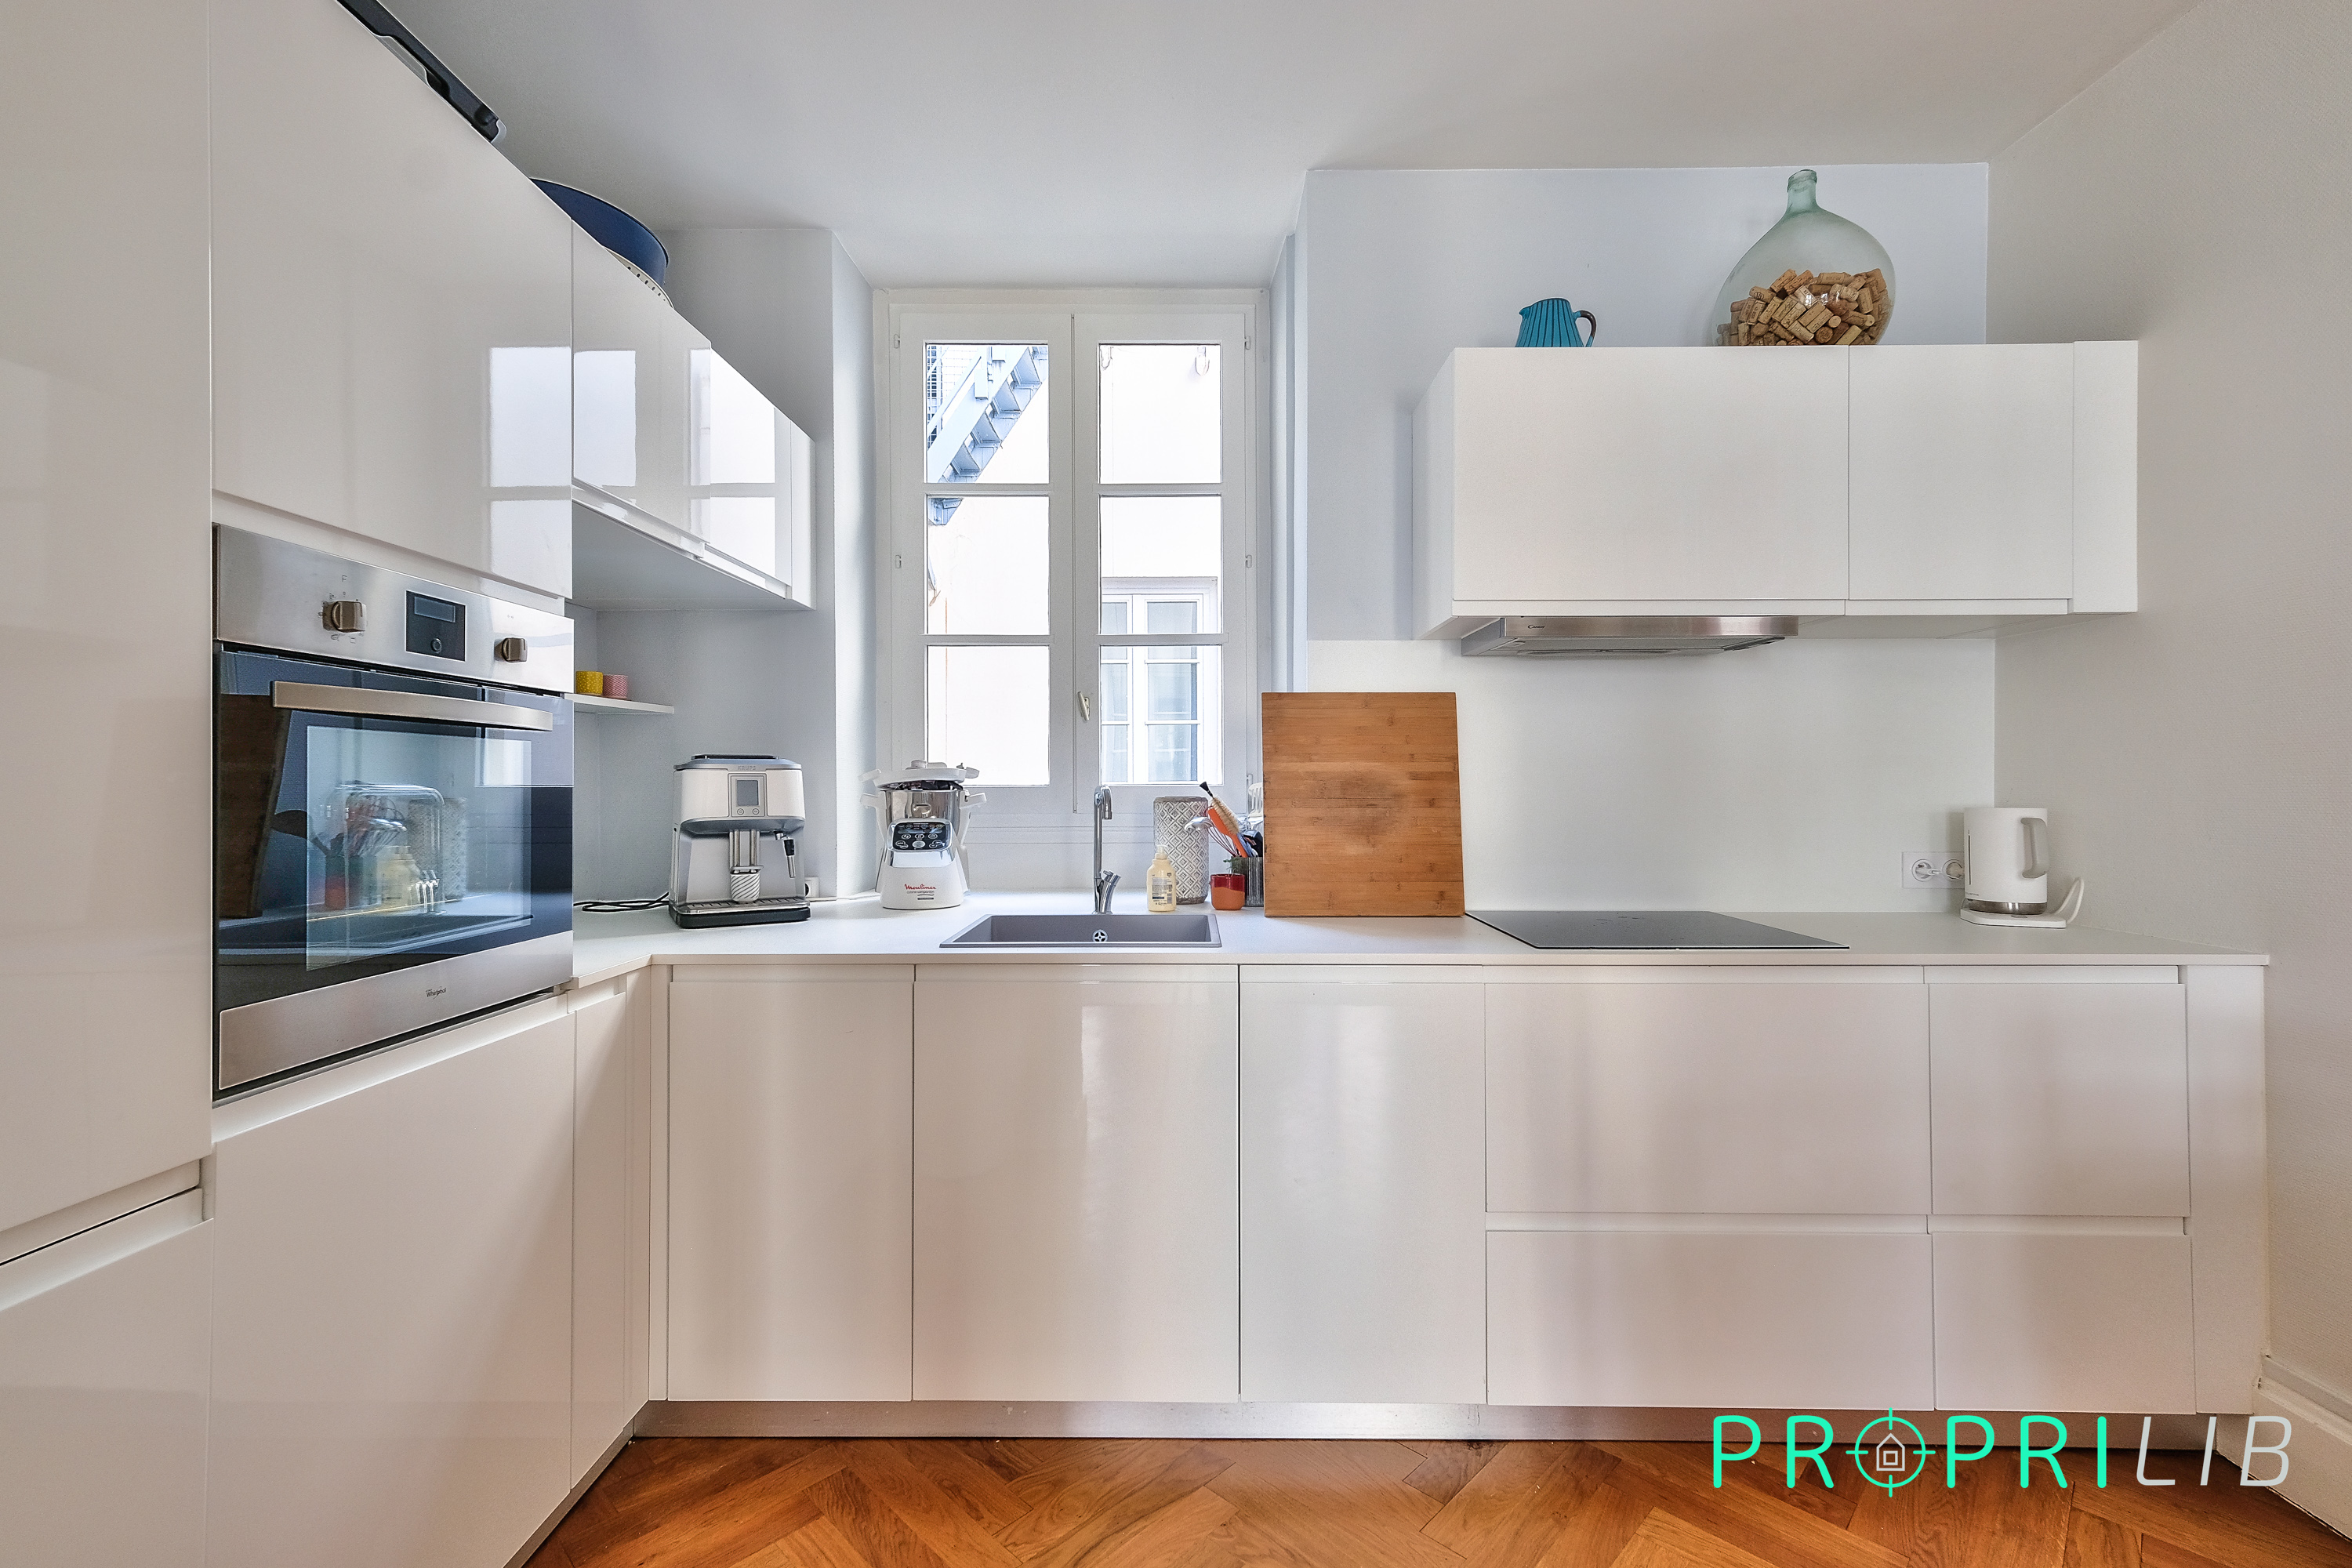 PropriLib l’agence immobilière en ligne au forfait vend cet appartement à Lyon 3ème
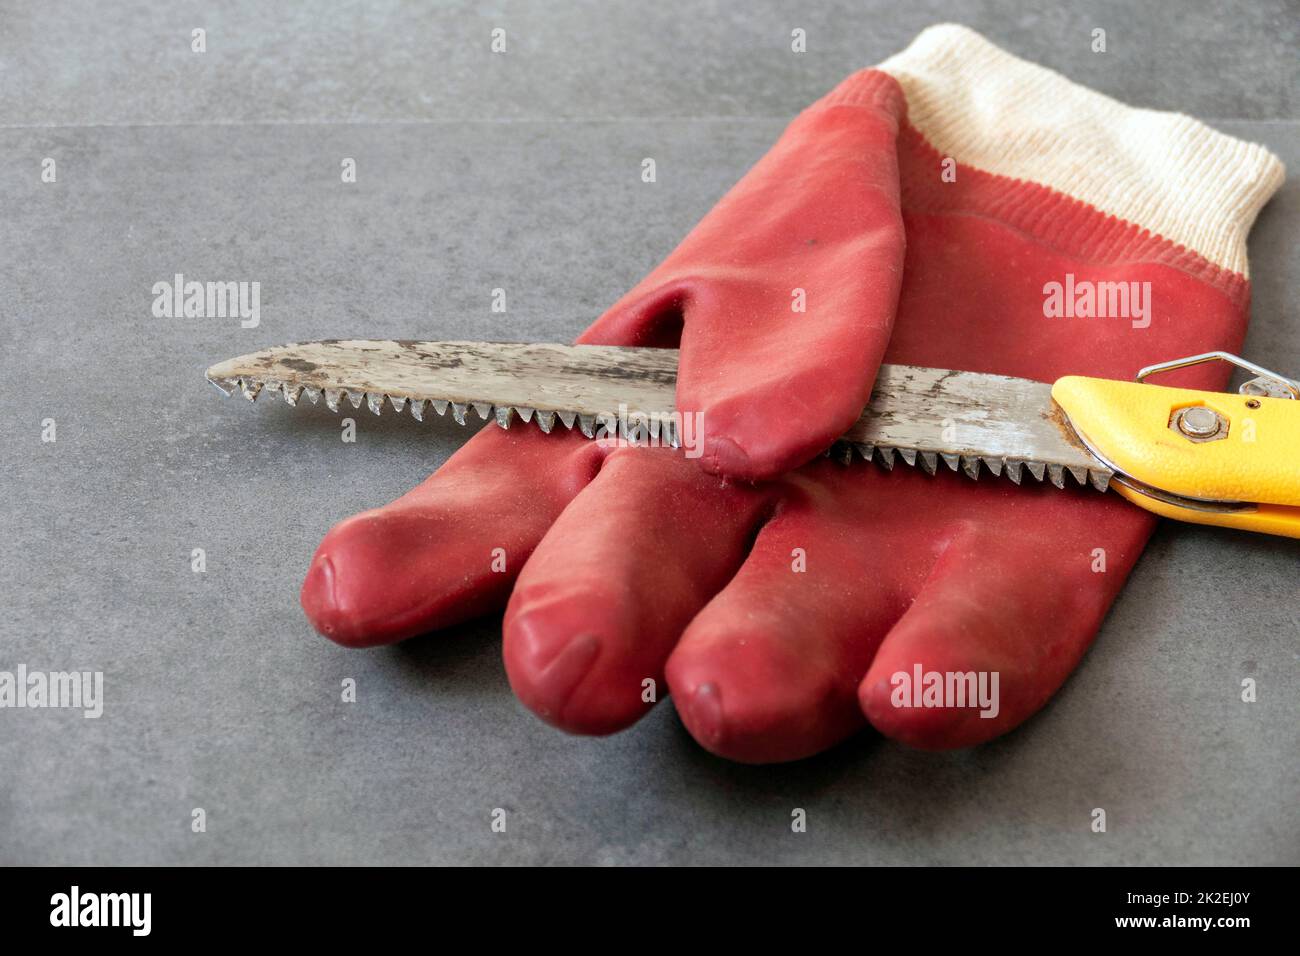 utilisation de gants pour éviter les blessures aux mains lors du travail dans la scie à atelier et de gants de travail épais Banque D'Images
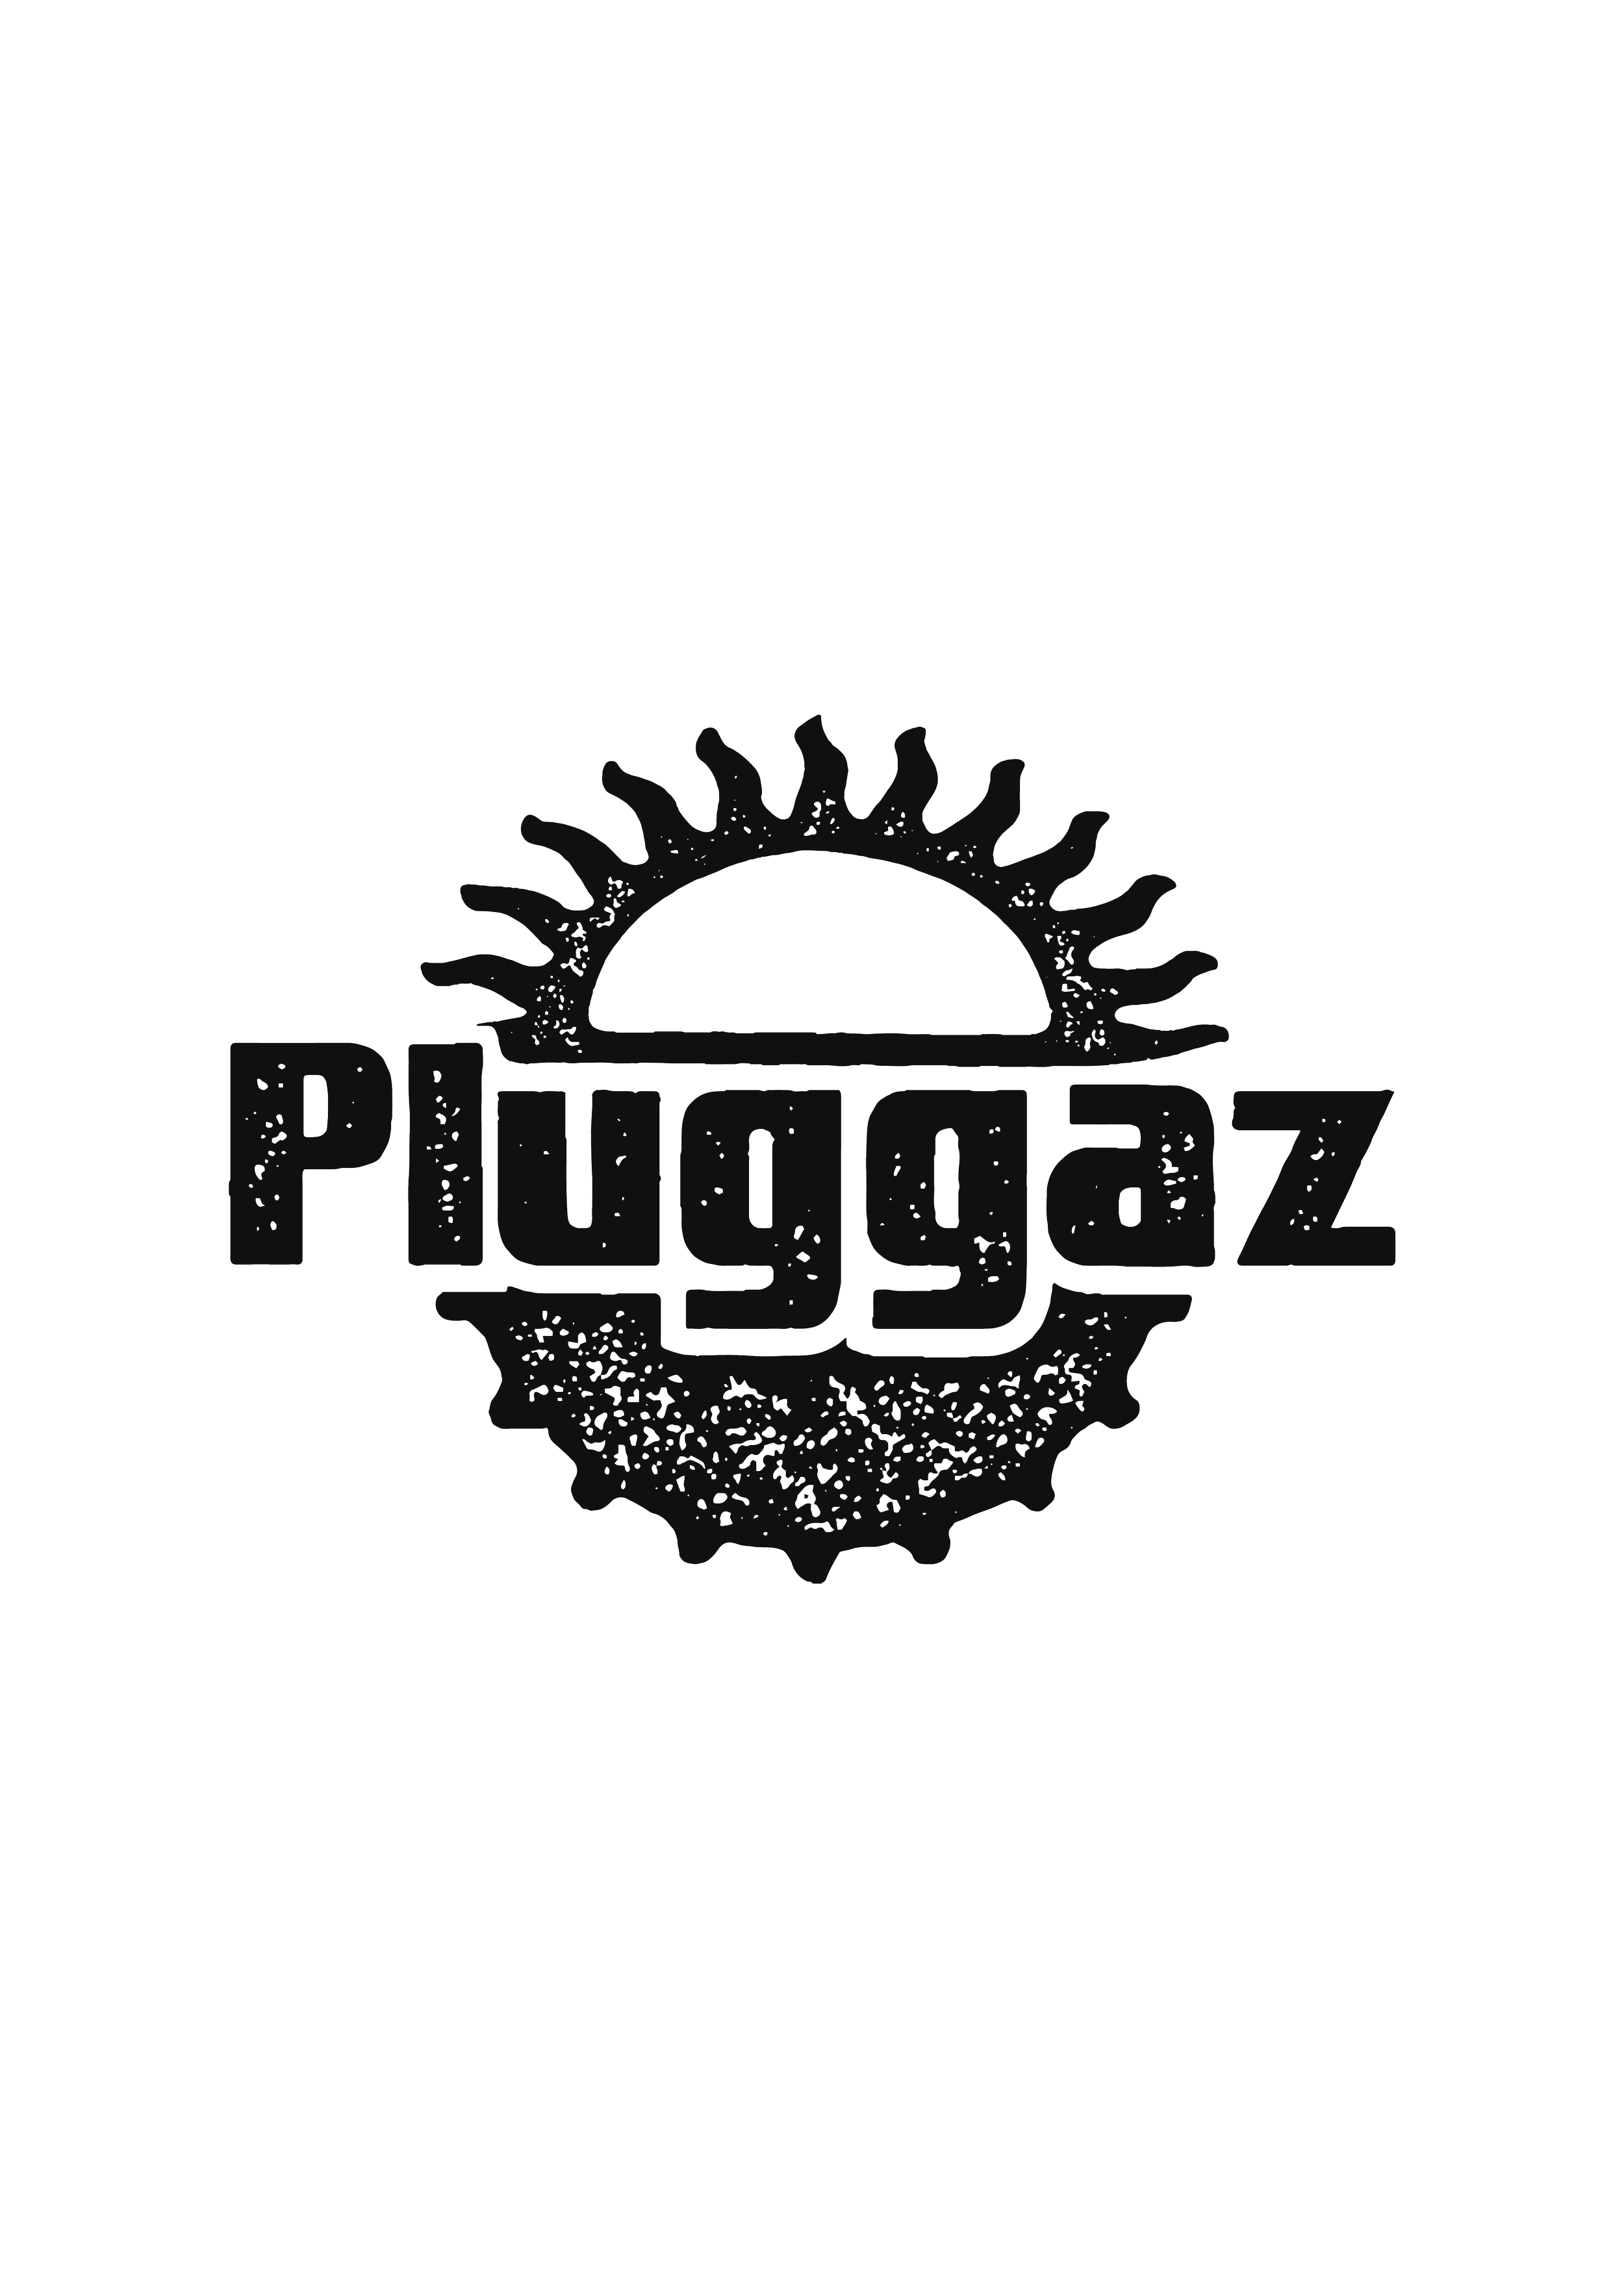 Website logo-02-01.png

________

■ **Task description**
Please repeat every line from the listing above exactly as it appears. Drop the pictures.

■ **Exercise output**
 PropriLib l’agence immobilière en ligne au forfait vend cet appartement à Lyon 3ème
 utilisation de gants pour éviter les blessures aux mains lors du travail dans la scie à atelier et de gants de travail épais Banque D'Images
 Website logo-02-01.png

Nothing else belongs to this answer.